三天后,她们搬进了王老板位于城郊的别墅。那栋房子很大,大到让人觉得空旷和孤独。房间里的每一件家具都价格不菲,但赵婉美总觉得那些东西都带着别人的气息。王老板给她们定了规矩:不能随便出门,不能联系以前的熟人,每天要按照他的要求穿衣打扮,随时听候召唤。
开始的几个月是最难熬的。赵婉美常常在半夜惊醒,发现自己蜷缩在床角,全身冰凉。她想起自己小时候养过的一只兔子,被邻居家的孩子抓住后,吓得缩成一团,连逃跑的力气都没有了。她现在就是那只兔子,被困在奢华的笼子里,等待着主人的到来。
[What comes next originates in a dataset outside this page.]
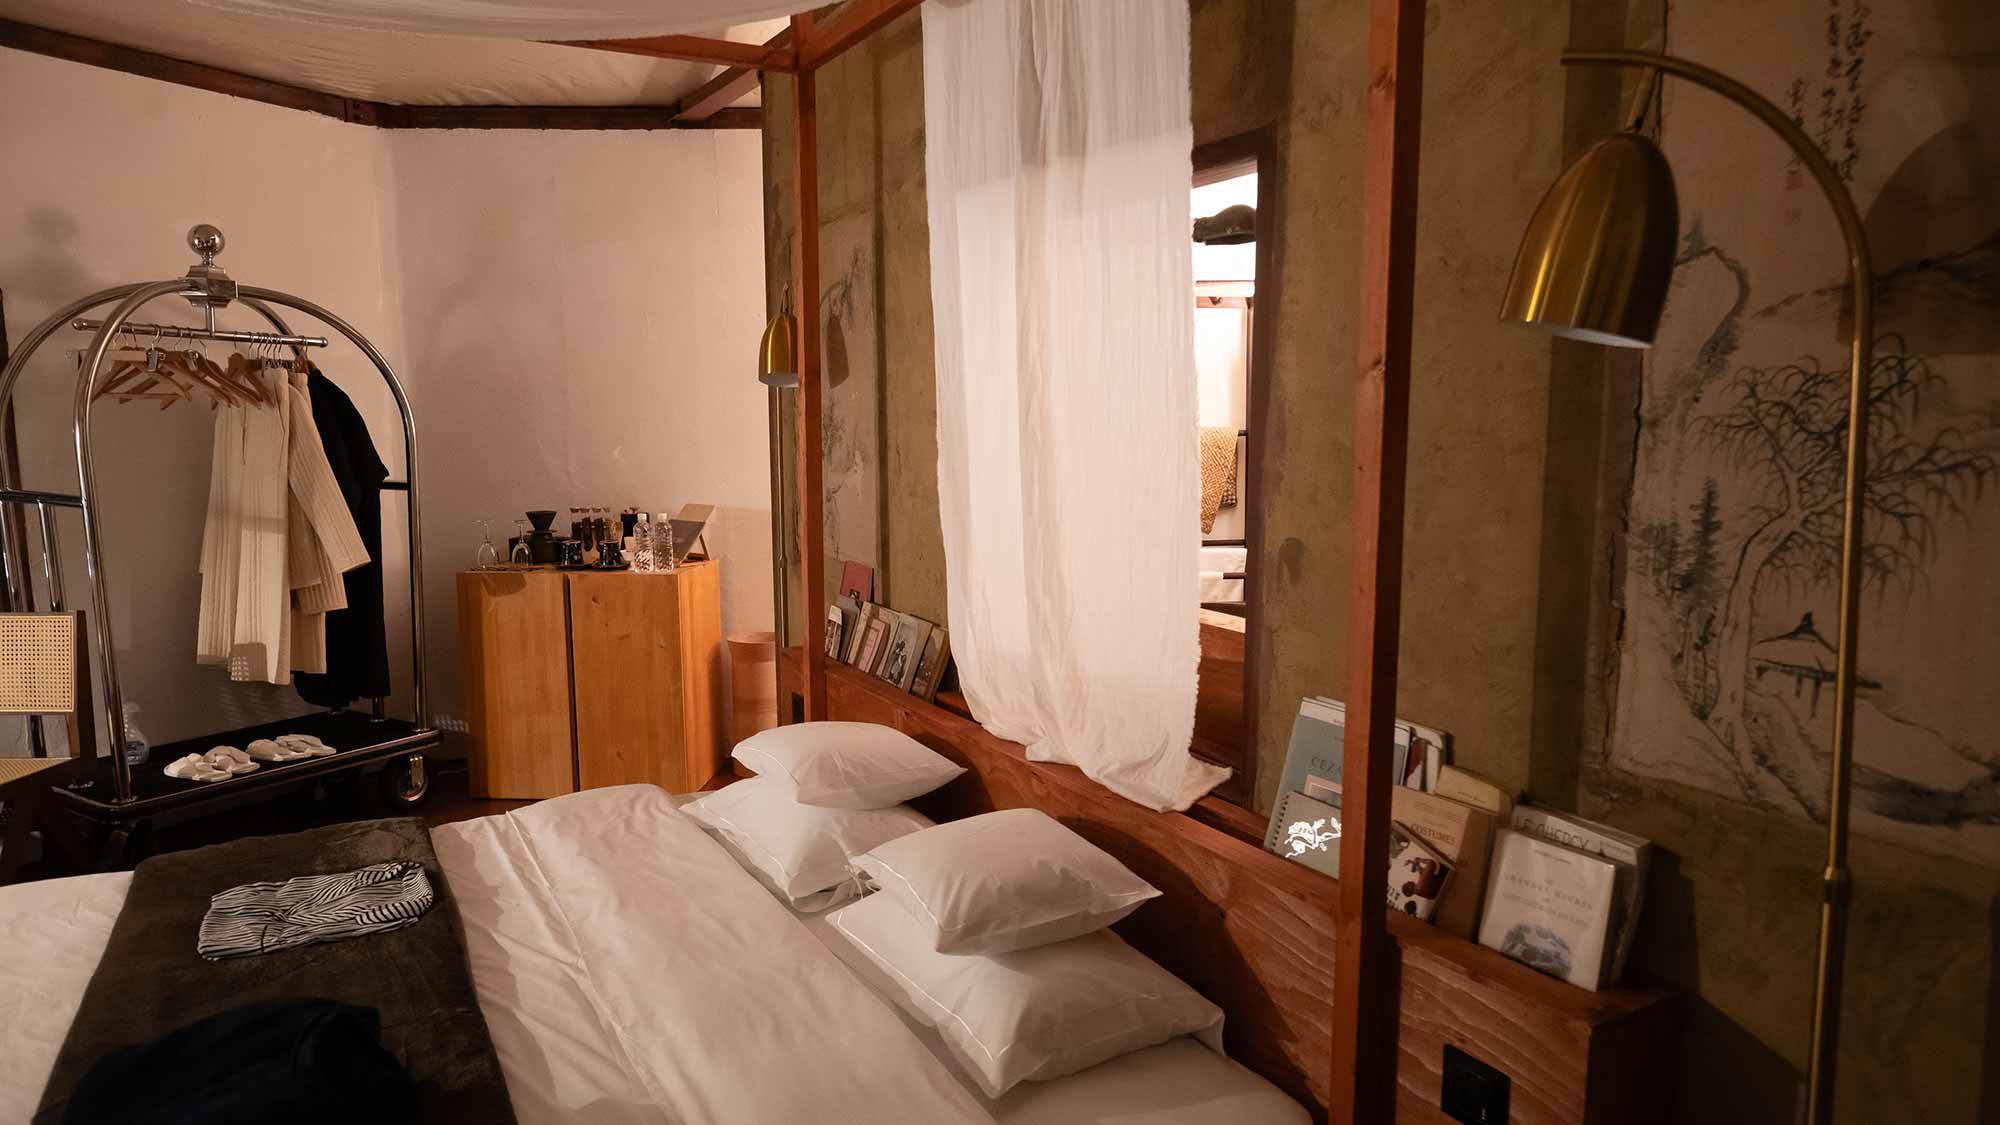 ・【コモレビ】日本の古道具や近代的な照明を使用したお部屋です

但人是有韧性的,尤其是当你知道这一切都有期限的时候。赵婉美学会了在痛苦中寻找麻木,在屈辱中保持尊严。她把每一天都当成倒计时,在日历上画下一个又一个的叉。王老板有时候心情好,会允许她们给家里打电话。赵婉美听到电话那头小天稚嫩的声音喊着“妈妈”,眼泪就止不住地往下掉,但她必须强装镇定,告诉儿子妈妈在城里工作,很快就回去接他。
赵婉丽比她适应得快。妹妹天生就有一种野性的生命力,即使在最压抑的环境里也能找到喘息的空间。她甚至开始玩弄起王老板的规则,在服从的边缘试探,有时候故意晚几分钟回应召唤,或者在穿衣服时稍微改变一下搭配。王老板为此发过几次火,但赵婉丽总能用自己的方式把局面圆回来,让事情变成一场危险的游戏。
“姐,你别那么死板。”有一天晚上,赵婉丽溜进赵婉美的房间,躺在她身边小声说,“你就把这里当成一个舞台,我们是在演戏。演好了,谢幕的时候就能拿到报酬。”
赵婉美苦笑了一下,没有回答。她无法像妹妹那样洒脱,每一次服从都像是在切割自己的灵魂,但她告诉自己,为了小天,值得。
日子就这样一天天过去。春天来了又走,冬天落了雪又融化。赵婉美的身体在第三年的春天开始出现异样,她总是觉得恶心,吃什么吐什么。王老板请来家庭医生检查,结果让她愣住了——她怀孕了。
“是我的。”王老板站在窗边,背对着她,声音里听不出喜怒。他沉默了很久,然后转过身来,脸上的表情复杂,“生下来吧。我会负责的。”
赵婉美不知道该哭还是该笑。这个孩子来得不是时候,再过八个月她们就自由了。但现在,一条新的生命把她又拴在了这里。她想起小天,想起自己当初一个人生他的艰辛,心里涌起一阵酸楚。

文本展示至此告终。